- 銀河中心核となっている超巨大ブラックホールの周りをたった9時間の軌道で周回する星が見つかった
- この星はもっとも近い位置では、事象の地平線の半径の15倍以内という距離までブラックホールに近づいている
- この珍しい星は、降着円盤内で物質を吸われたときに起きるX線の発光から発見された
ブラックホールと言えば、なんでも吸い込み押しつぶす恐ろしい天体というイメージですが、そんな危険な場所で潰されずにかろうじて生き続ける珍しい星が発見されました。
この星はブラックホールに非常に接近した楕円軌道に捕らえられていて、たった9時間で周回しているといいます。
最接近しているとき、星は事象の地平線半径の15倍以内にあり、これほどブラックホールに近い状態で軌道を巡る星はほとんど報告がありません。
一体、この星はどうやってブラックホールに飲み込まれずに回り続けていられるのでしょうか?
小さな超巨大ブラックホール
今回観測されているのは、地球から2億5000万光年離れた銀河GSN 069の中心核となっている超巨大ブラックホールですが、この種のものとしては非常に小さく太陽質量の40万倍しかありません。
ちなみに、天の川銀河の中心核になっている超巨大ブラックホール「いて座A*(いてざエー・スター)」は、太陽質量の400万倍と推定されています。
観測されているのは白色矮星と呼ばれる種類の星で、これは太陽程度の質量の恒星が死んで核だけが残された姿です。
この星はもともと、恒星の晩年の姿である赤色巨星で、宇宙をさまよっていたと考えられます。それが、ブラックホールの重力の捕らえられ、非常に接近したとき外層の水素を全て奪われて、強制的に白色矮星まで進化させられたのです。

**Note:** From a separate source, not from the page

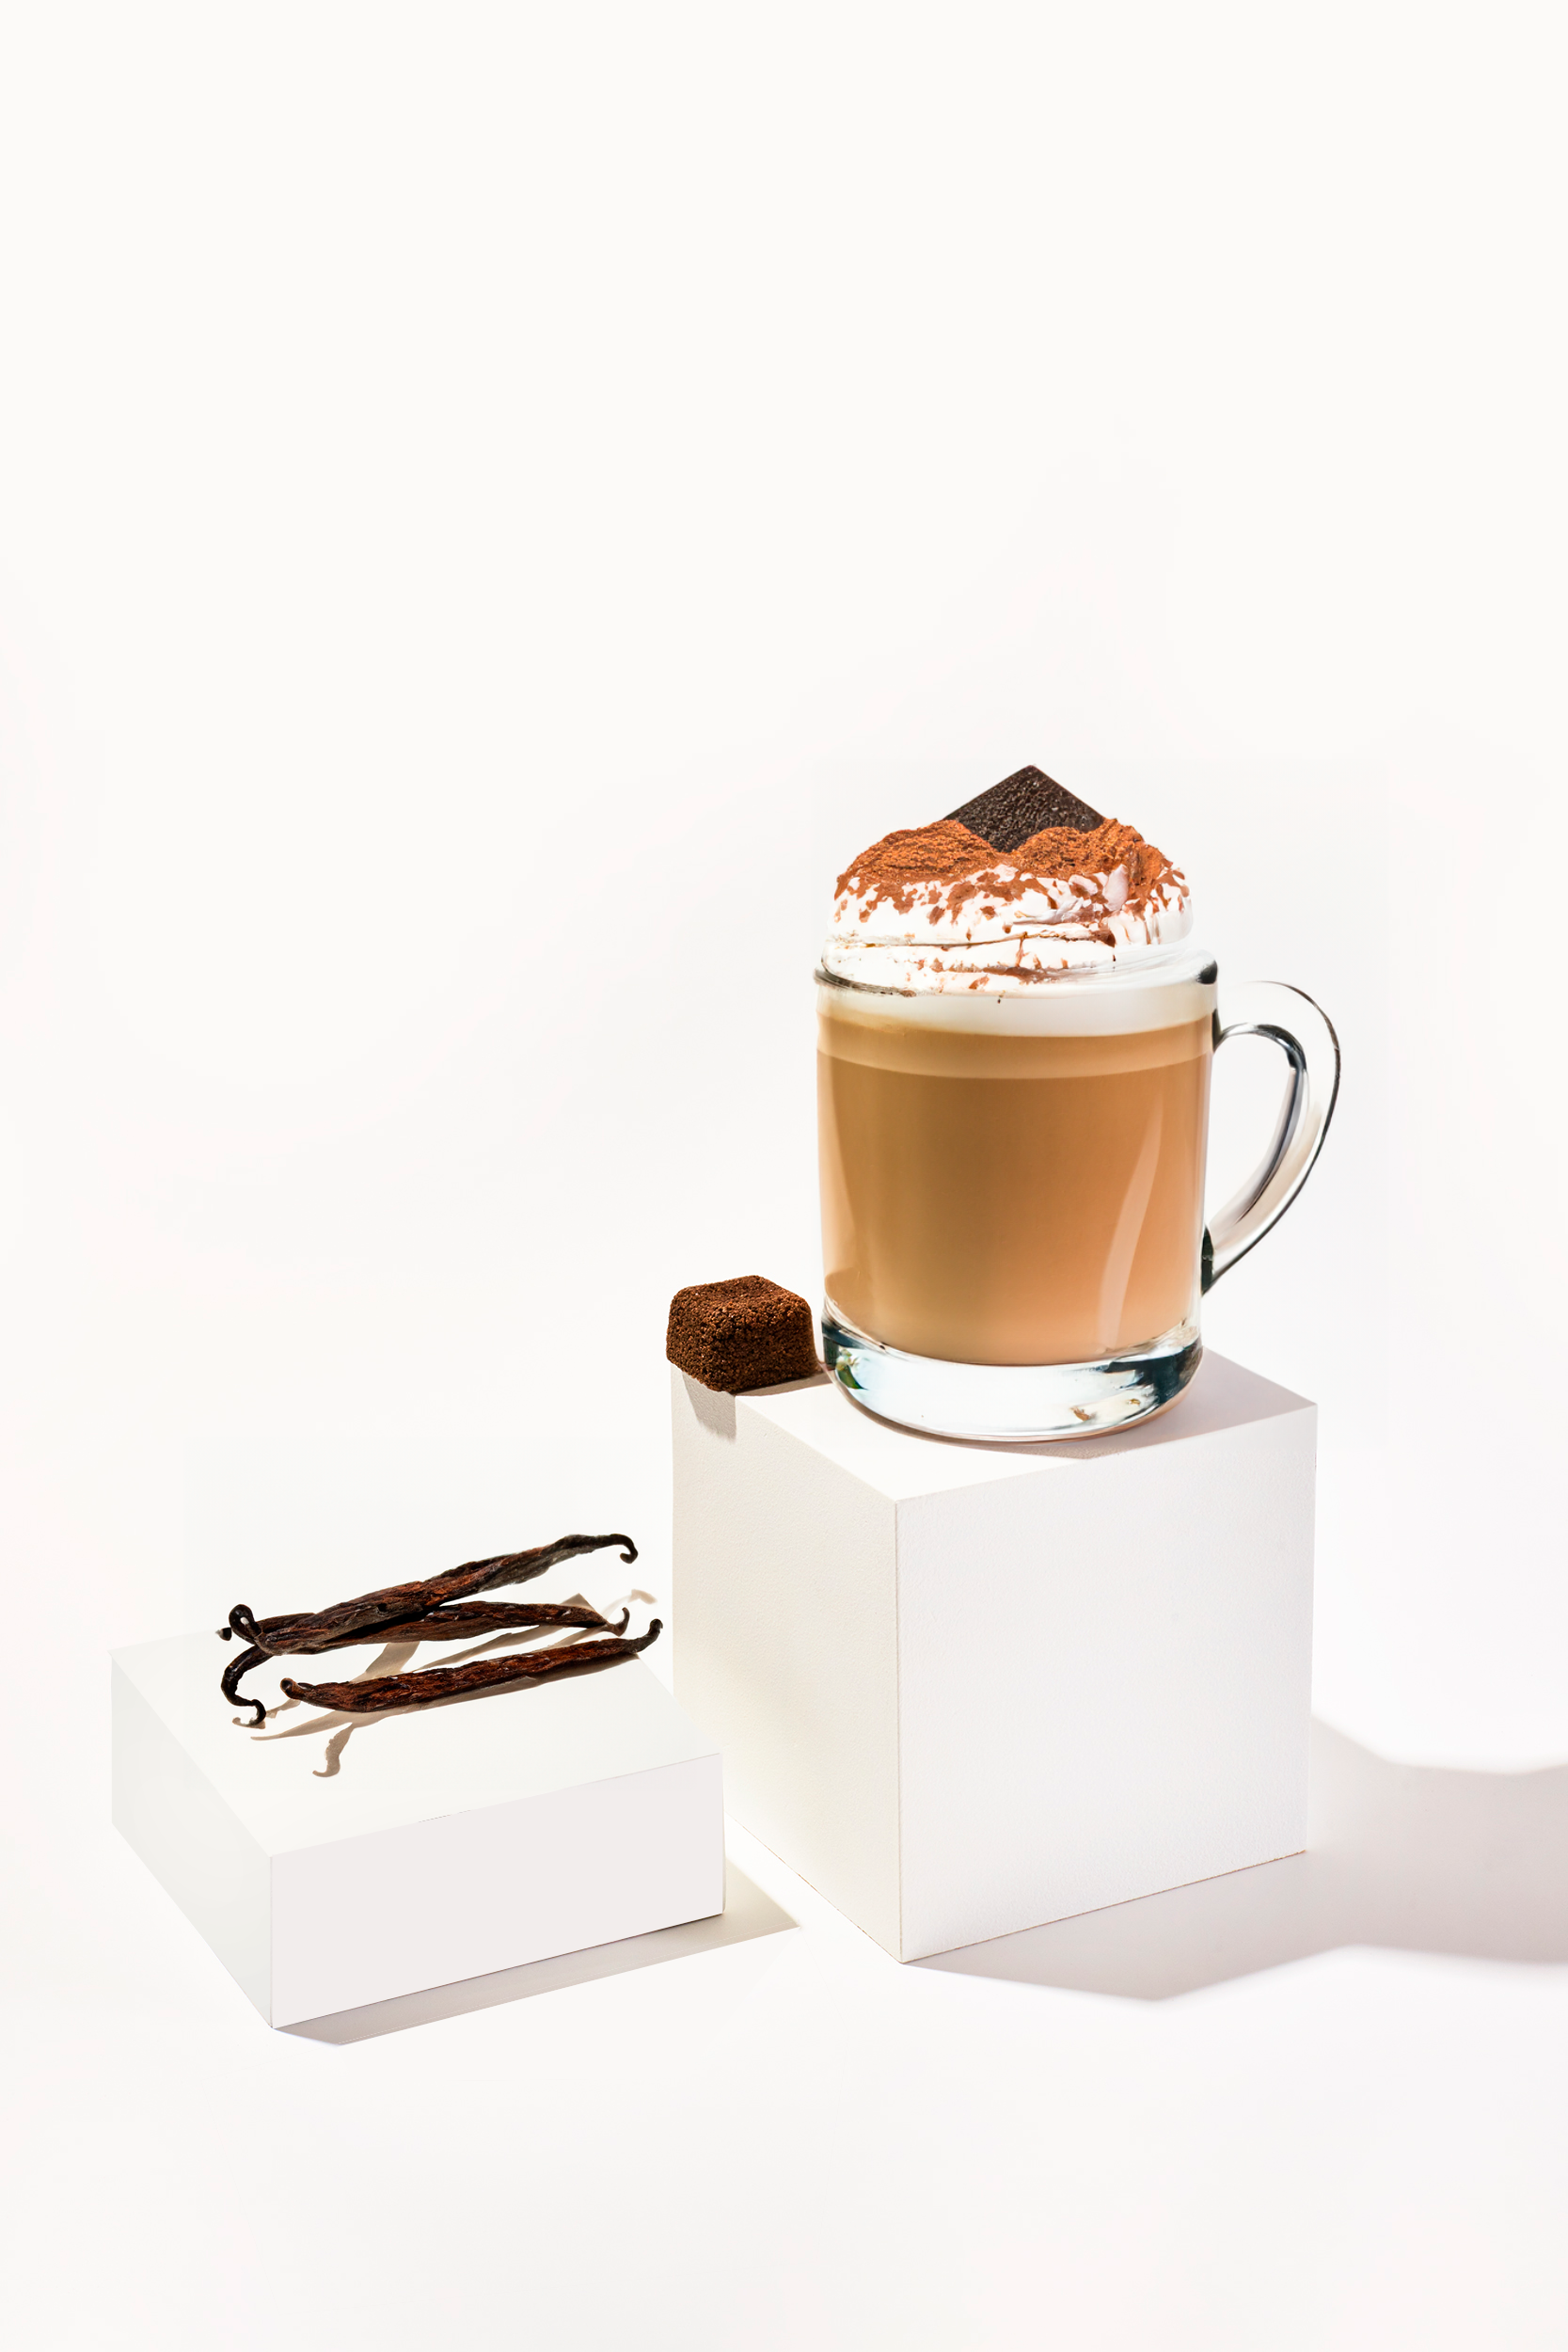 Vanilla Bean Latte Kit – Tea Drops

その後、この白色矮星は、ブラックホールに飲み込まれはしなかったものの、その重力圏からは逃れられず、9時間周期の楕円軌道を巡ることになったのです。
この白色矮星はもっともブラックホールに接近したとき、物質を吸い取られ降着円盤内で擦れ合ってX線フレアを放ちます。
今回の研究では、そのX線を捉えることで、この特殊な星を発見しました。
研究者のキング氏は、この接近時に重力波も発生しているはずであり、いずれそれも観測できるだろうと予想しています。
キング氏はこのX線フレアの大きさと、星の作る軌道から、この白色矮星の質量を太陽の約0.21倍だと推定しています。また、水素を剥ぎ取られた核だけが残っている状態のため、その構成素材はヘリウムを豊富に含んでいると推測しています。
2億5000万後年も離れた小さな星の軌道や質量、組成が推測できるというのは驚くべきことです。
この星の軌道は、相対性理論に基づいて考えると、2日に1度ほどの割合で軌道の軸がブレる歳差運動を行っていると予測されています。これは長く観測を続けていけば確認できるだろうと考えられています。
今回このような発見ができたのは、GSN 069のブラックホールの質量が小さかったことが大きな要因です。
天の川銀河の中心のように、大きな質量だった場合、星が砕かれずに周回するにはより大きな軌道を回る必要があり、それを観測で検出することはかなり困難になります。
どちらにしろそのような巨大なブラックホールでは、今回のように近すぎると星は破壊されてしまいます。
これは非常に珍しい発見なのです。
彼がここから抜け出すことはまず不可能で、もはやブラックホールの養分にされてしまっているようですが、それでも白色矮星として生き続けることになるようです。
少しずつ質量が奪われているため、いずれこの星は白色矮星ではなく、木星のような巨大ガス惑星になる可能性もあります。しかし、それには1兆年近い時間が必要だろうと計算されています。
これは宇宙が惑星を生む方法としては、あまりに迂遠で複雑なプロセスです。
なんにせよ非常に珍しいケースの発見で、これはブラックホールが巨大に成長していく過程を理解するために役立つと考えられています。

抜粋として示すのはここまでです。